:: Stored data ::
────────────────────────────────────────
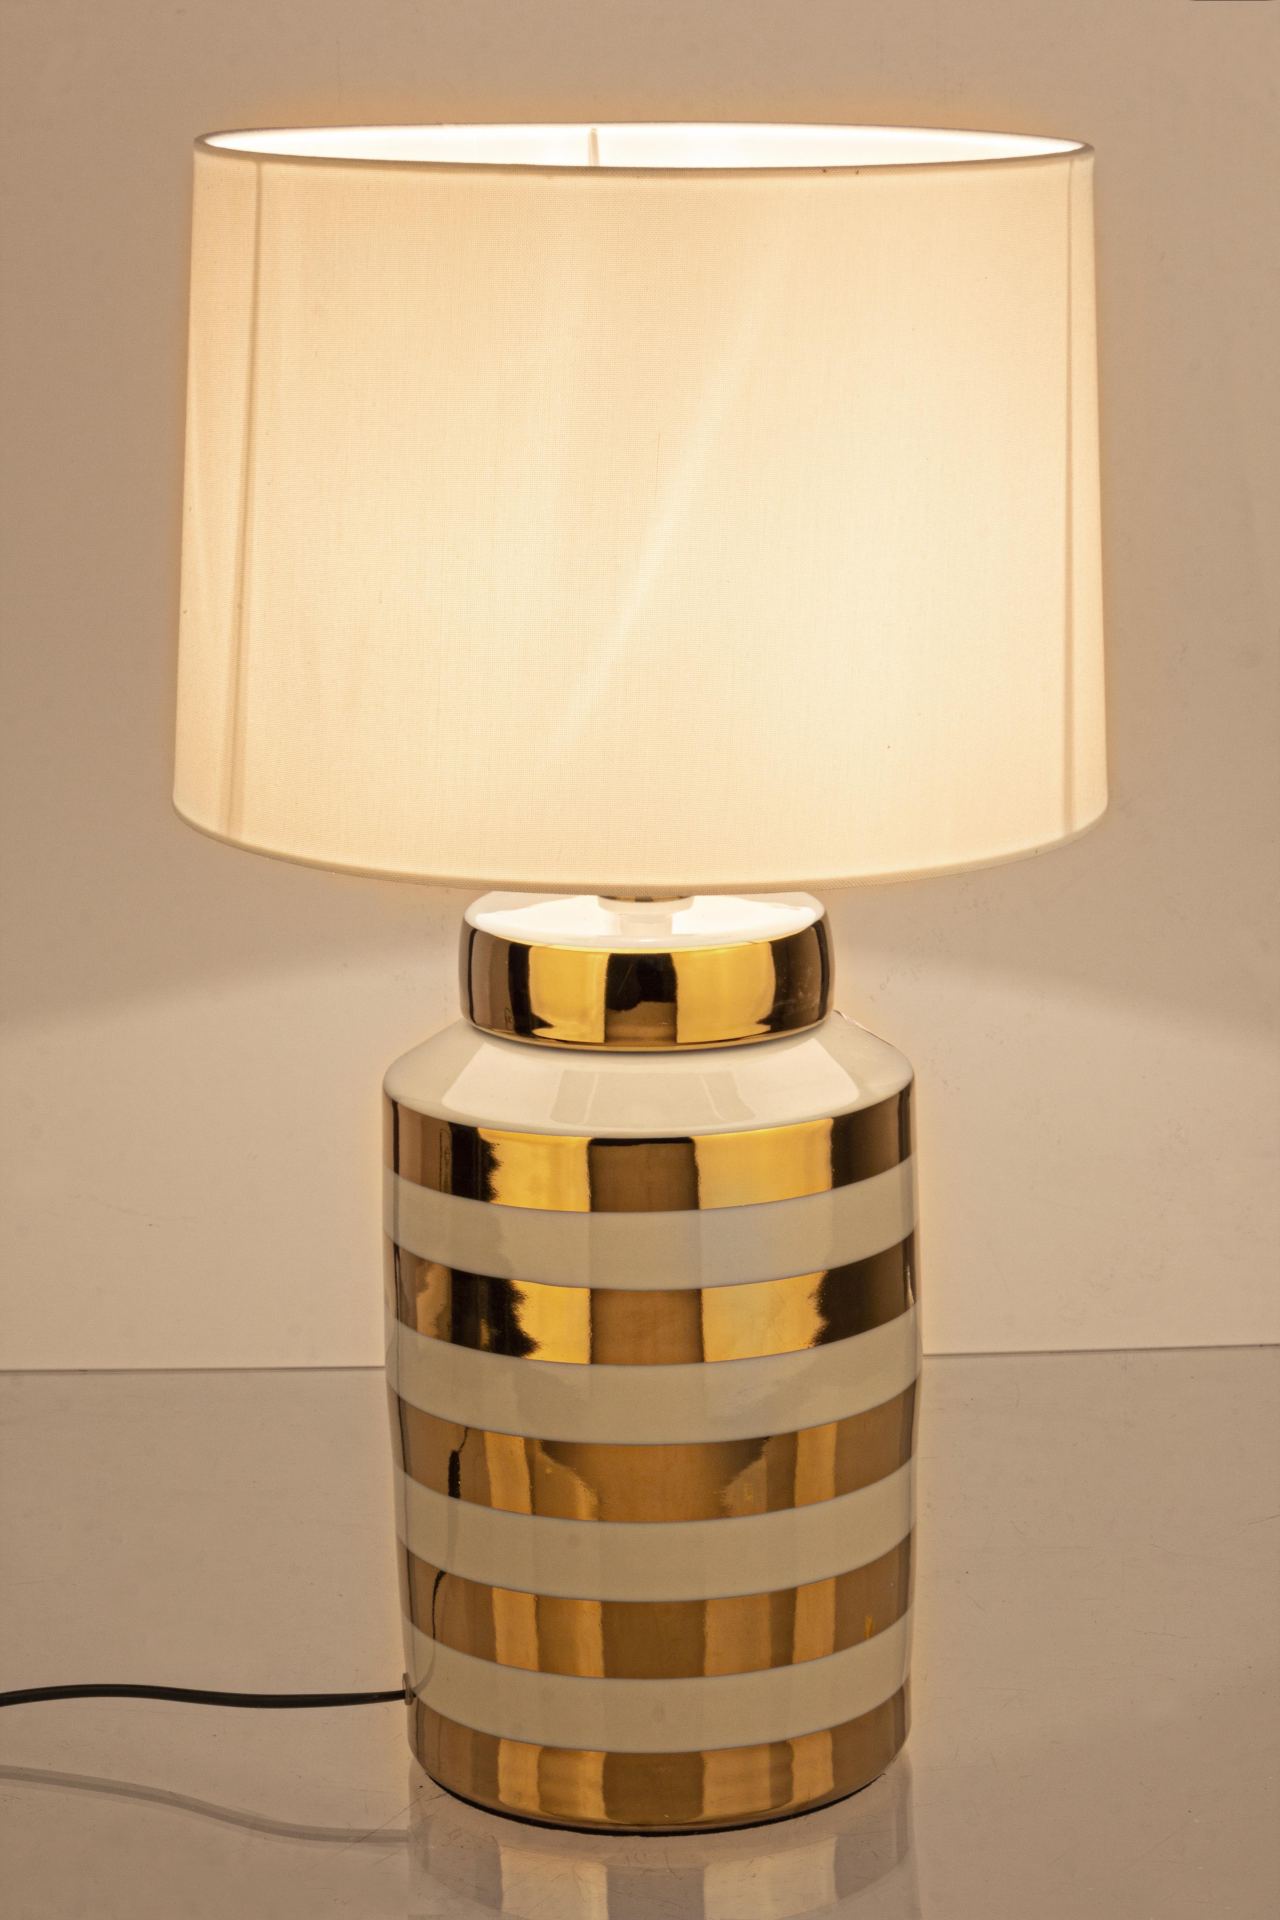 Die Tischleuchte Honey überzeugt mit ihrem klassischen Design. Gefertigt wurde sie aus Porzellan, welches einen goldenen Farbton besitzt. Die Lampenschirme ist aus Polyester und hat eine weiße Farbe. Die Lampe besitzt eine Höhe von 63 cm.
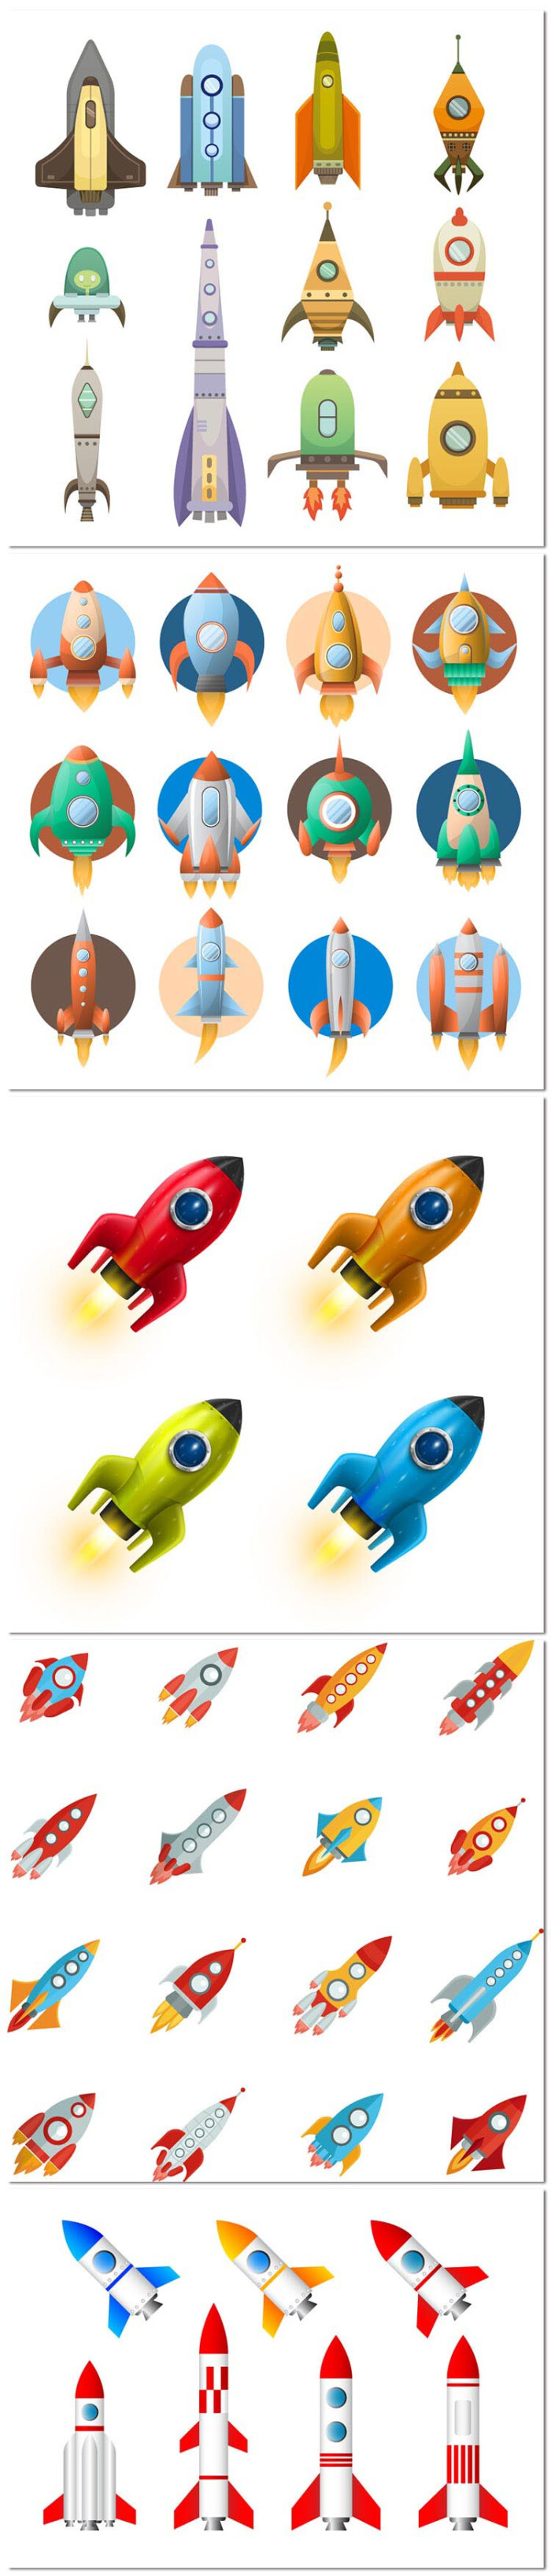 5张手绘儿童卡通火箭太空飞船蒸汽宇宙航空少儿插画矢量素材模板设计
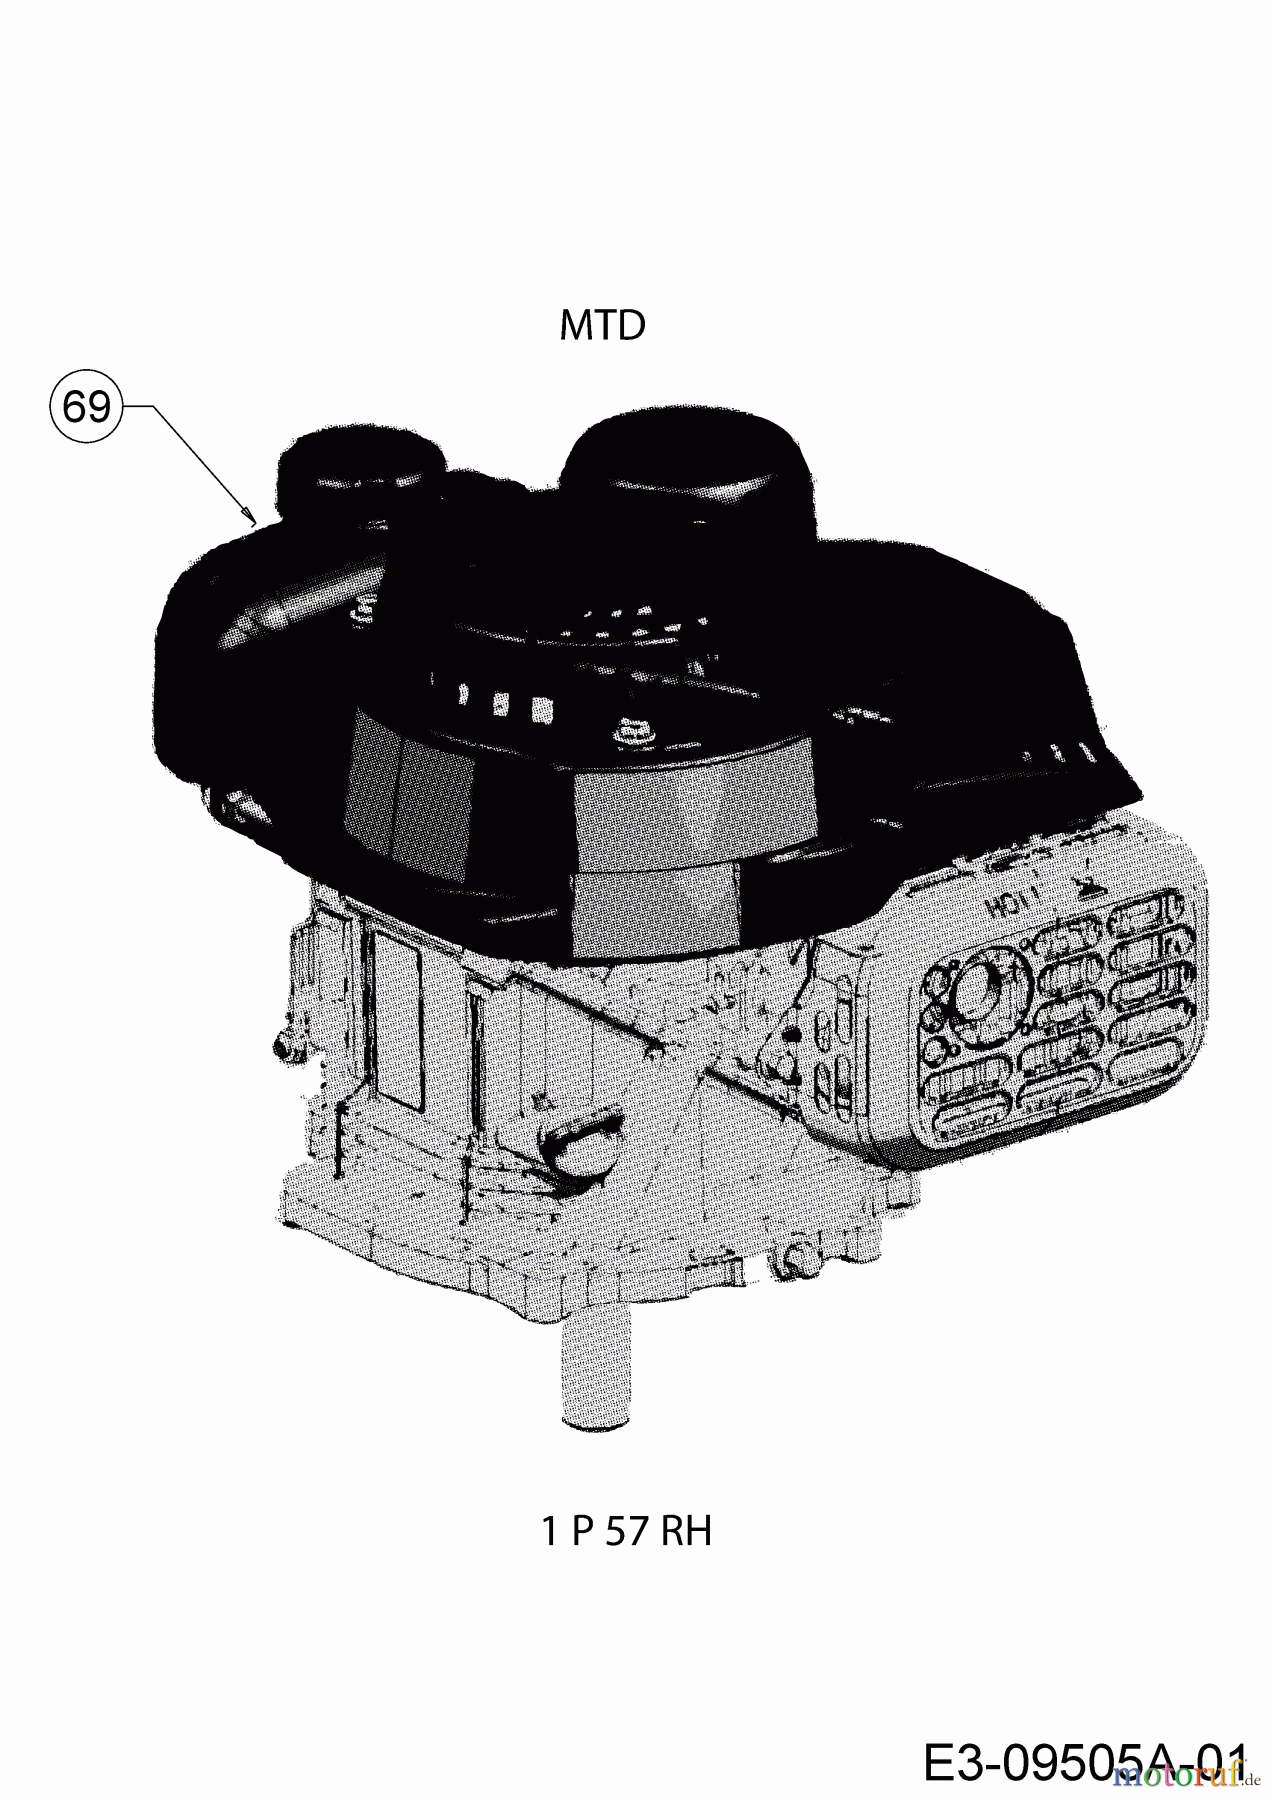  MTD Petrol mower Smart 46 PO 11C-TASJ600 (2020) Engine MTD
────────────────────────────────────────
Please give back the data above word for word, with no pictures included.

 Die Tischleuchte Honey überzeugt mit ihrem klassischen Design. Gefertigt wurde sie aus Porzellan, welches einen goldenen Farbton besitzt. Die Lampenschirme ist aus Polyester und hat eine weiße Farbe. Die Lampe besitzt eine Höhe von 63 cm.
 5张手绘儿童卡通火箭太空飞船蒸汽宇宙航空少儿插画矢量素材模板设计
  MTD Petrol mower Smart 46 PO 11C-TASJ600 (2020) Engine MTD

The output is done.